Carotenoids are lipophilic pigments with multiple biological functions from coloration to vision and photoprotection. Still, the number of water-soluble carotenoid-binding proteins described to date is limited, and carotenoid transport and carotenoprotein maturation processes are largely underexplored. Recent studies revealed that CTDHs, which are natural homologs of the C-terminal domain (CTD) of the orange carotenoid protein (OCP), a photoswitch involved in cyanobacterial photoprotection, are able to bind carotenoids, with absorption shifted far into the red region of the spectrum. Despite the recent discovery of their participation in carotenoid transfer processes, the functional roles of the diverse family of CTDHs are not well understood.

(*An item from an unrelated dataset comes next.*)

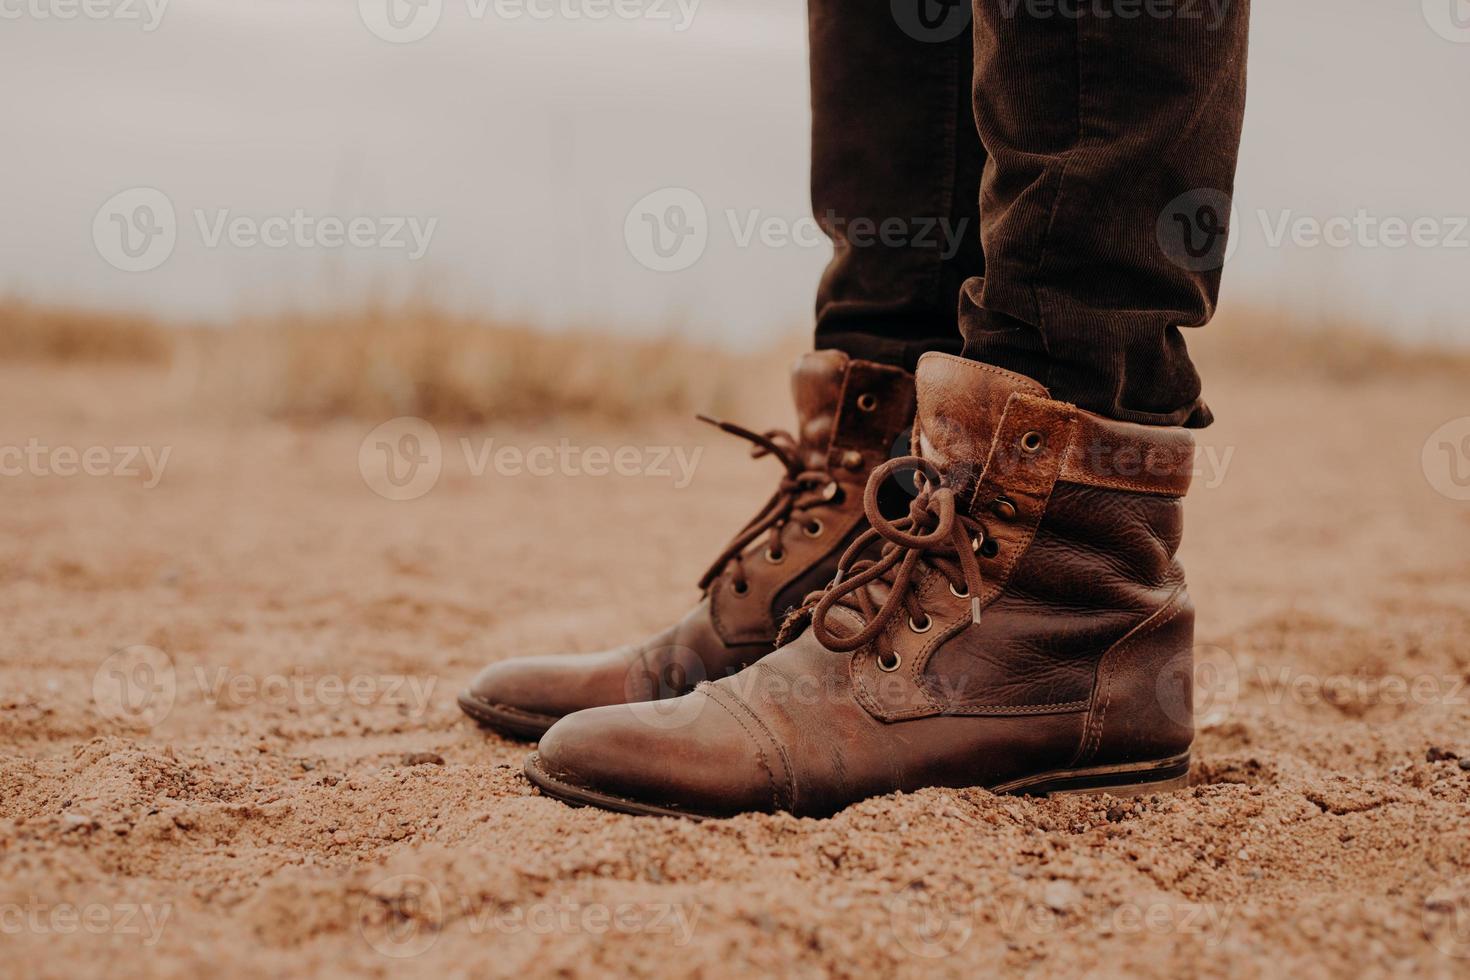 inquadratura laterale di un uomo con scarpe marroni arruffate su una superficie distesa. paio di stivali sulla sabbia. il maschio ha una passeggiata all'aperto con vecchie calzature. foto

Here, we characterized CTDH carotenoproteins from Anabaena variabilis (AnaCTDH) and Thermosynechococcus elongatus and examined their ability to participate in carotenoid transfer processes with a set of OCP-derived proteins. This revealed that carotenoid transfer occurs in several directions guided by different affinities for carotenoid and specific protein-protein interactions. We show that CTDHs have higher carotenoid affinity compared to the CTD of OCP from Synechocystis, which results in carotenoid translocation from the CTD into CTDH via a metastable heterodimer intermediate. Activation of OCP by light, or mutagenesis compromising the OCP structure, provides AnaCTDH with an opportunity to extract carotenoid from the full-length OCP, either from Synechocystis or Anabaena. These previously unknown reactions between water-soluble carotenoproteins demonstrate multidirectionality of carotenoid transfer, allowing for efficient and reversible control over the carotenoid-mediated protein oligomerization by light, which gives insights into the physiological regulation of OCP activity by CTDH and suggests multiple applications.